The clerk’s office terminated the employee, and the office prevailed in a subsequent lawsuit. That employee will not be returning to his former employer, but do you want the person working at your organization? What about his statements, if anything, would make him unemployable as a matter of policy?
Weigh Free Speech Rights
Government employers need to consider whether First Amendment protections apply to social media posts that raise concerns over a candidate’s suitability for hiring. In the case of the employee who worked at the clerk’s office, the public employer was able to demonstrate how because the comments going public disrupted the workplace, the interests of the public employer outweighed any First Amendment considerations.
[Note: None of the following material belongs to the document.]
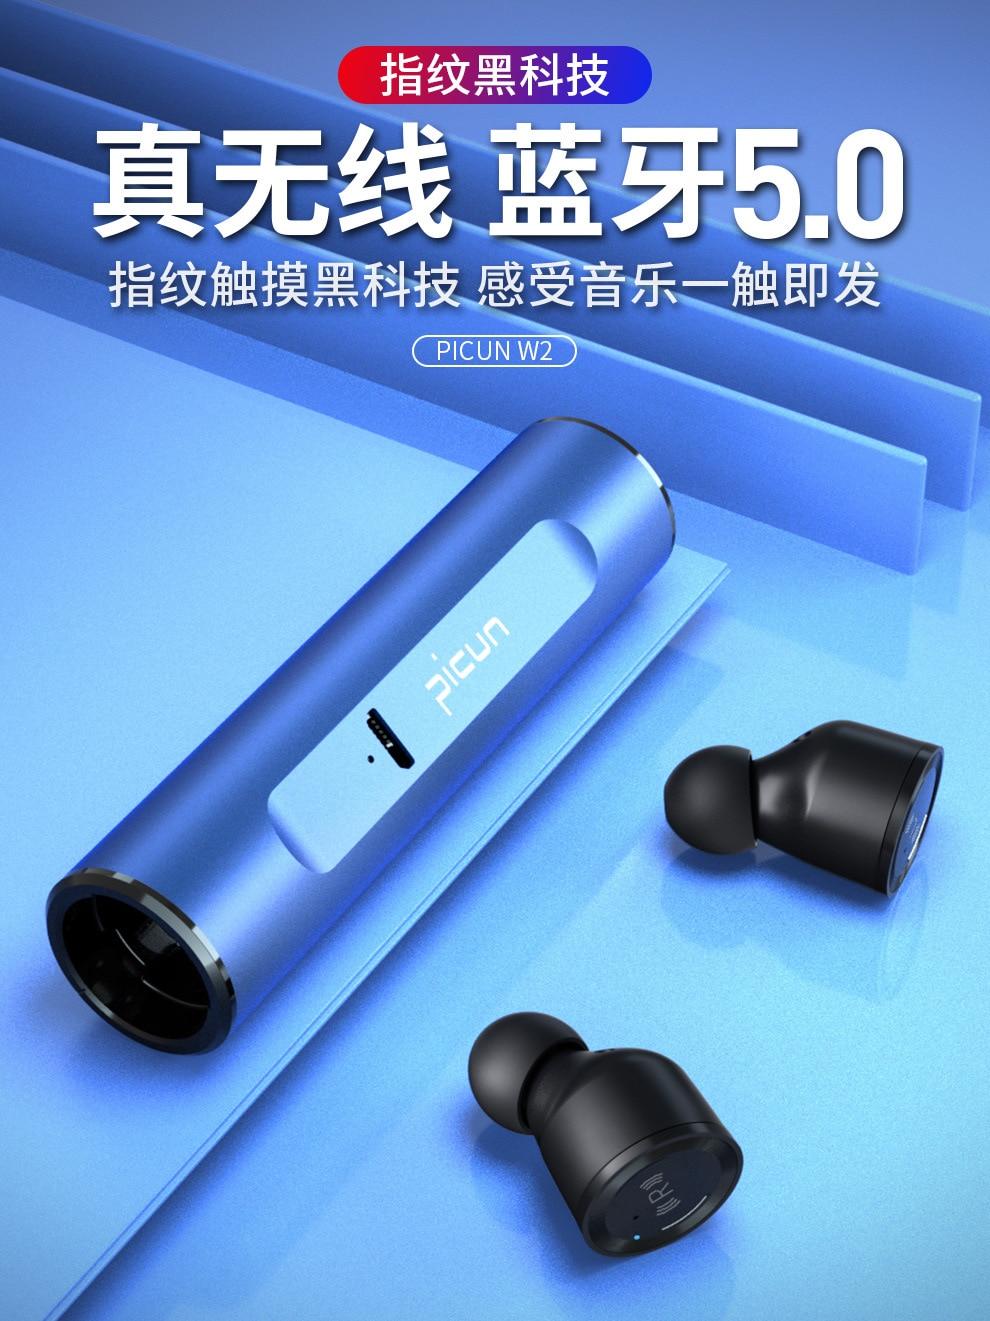 Picun W2 Wireless  Bluetooth Earphones Sports Bass Earphone Headset with Mic for iPhone Xiaomi Huawei PC MP3
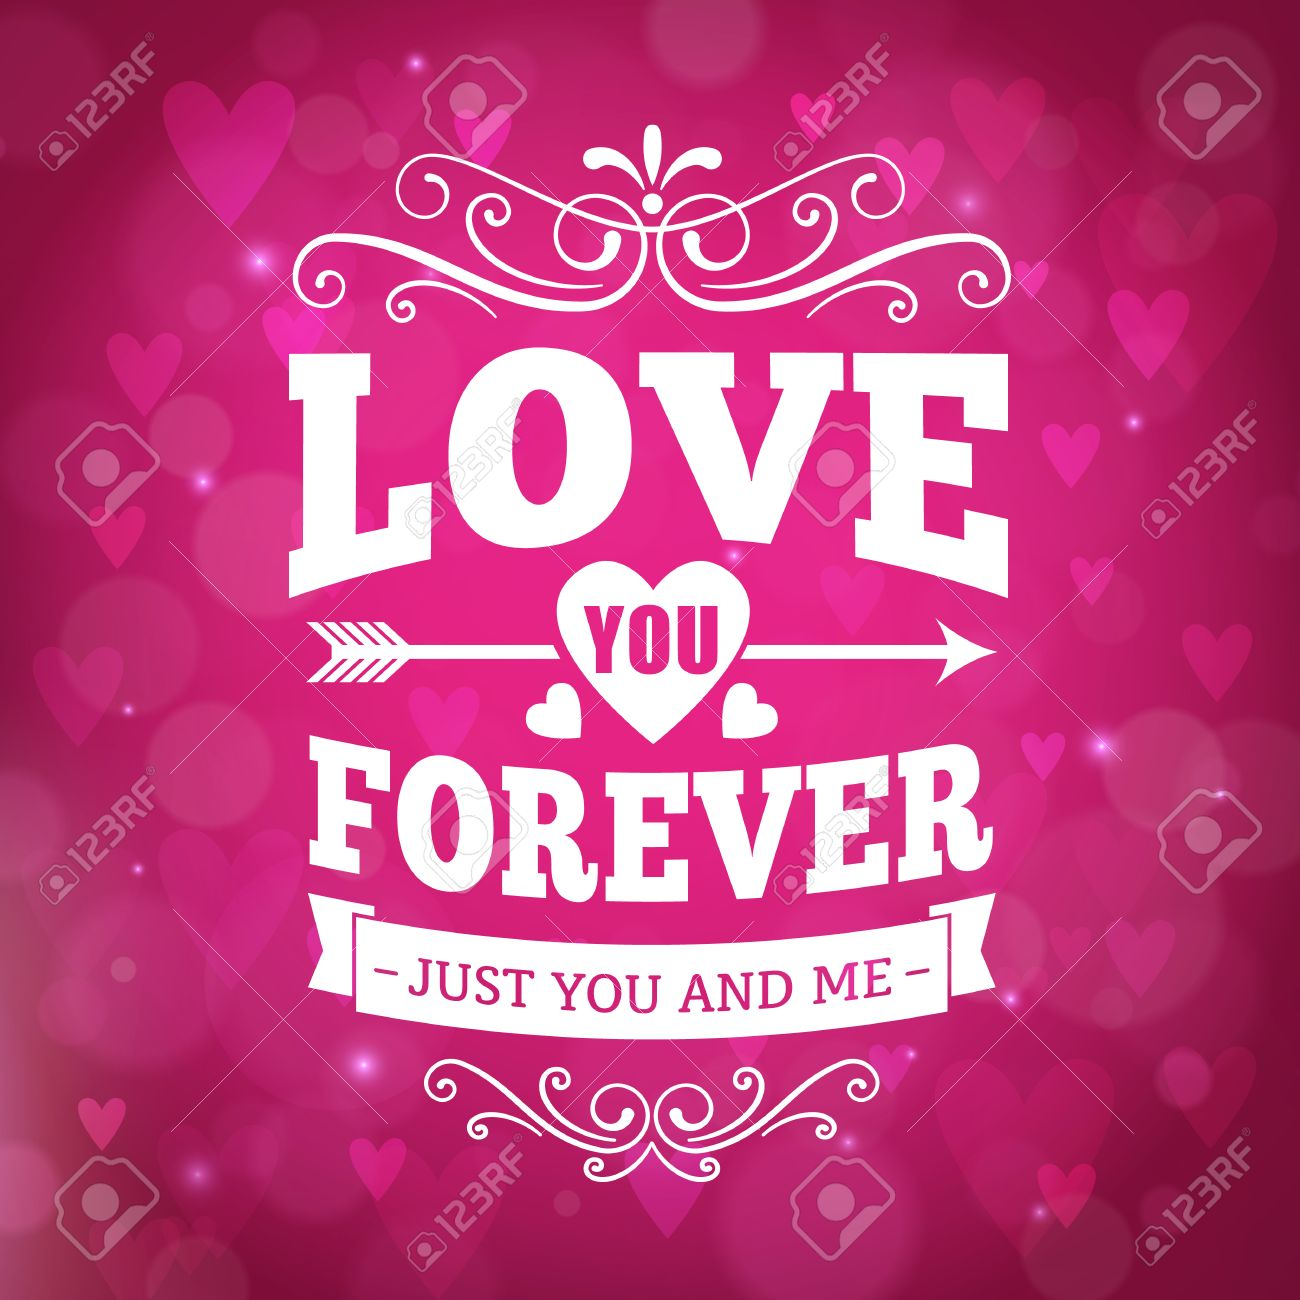 Love you forever typografie wenskaart achtergrond ontwerp royalty love you forever typografie wenskaart achtergrond ontwerp stockfoto 35389432 voltagebd Images

These cases are very fact-specific.
Consider the post shown in Figure 2. A private sector law firm bore the brunt of social media attacks when one of its employees vented about requiring face masks and testing during the COVID-19 pandemic. The firm terminated him for making what the law firm described as a violent threat.

Again, think about this person applying for a job with your organization. If your organization screens candidates’ social media accounts, are there policies that would preclude his employment?
List and Define Disqualifying Posts and Behaviors
Examples of online conduct and publicly available information employers have used to disqualify candidates include
- Posting provocative photos or images;
- Making negative comments about or disparaging other people because of characteristics such as race, gender, age, national origin, color, religion, gender identity, sexual orientation and disability;
- Making threats;
- Committing acts of violence;
- Disparaging a former employer;
- Portraying or describing personal use of illegal drugs; and
- Committing crimes.
Each organization needs to create its own list based on what the organization values. The group put in charge of spelling out disqualifying behaviors or statements must keep in mind that individuals should not be denied employment based on their political views or comments that may be controversial but which are not discriminatory, illegal or in violation of the organization’s policies, values, code of ethics or code of conduct.
Do Not Let Hiring Managers Perform Social Media Screenings
Hiring managers should not be the ones who conduct screenings. Making sure this does not happen is important because managers are prone to using all the information they gather even when information is not relevant or legal to use when deciding whether to hire a candidate. Everyone possesses implicit and unconscious biases, so even managers with the best intentions may err when making decisions.
For these reasons, the organization should have either a committee or a third party conduct social media searches on candidates. When a third party such as a background search firm is used, the organization will need to strictly comply with the Fair Credit Reporting Act. If the organization does the screening in house, FCRA rules will not apply.
Employers Can Rescind a Job Offer
An example of a social media post that justified rescinding a job offer before an employee even started working is shown in Figure 3. The cleaned-up version is that the newly hired person expressed her displeasure at the prospect of showing up for work on her
first day.

The woman’s prospective employer saw her post and let her know, as shown in Figure 4, she was no longer welcome.

Just as an employer can legally deny employment due to conduct or behaviors demonstrated on social media, a prospective employer can equally rescind an offer of employment.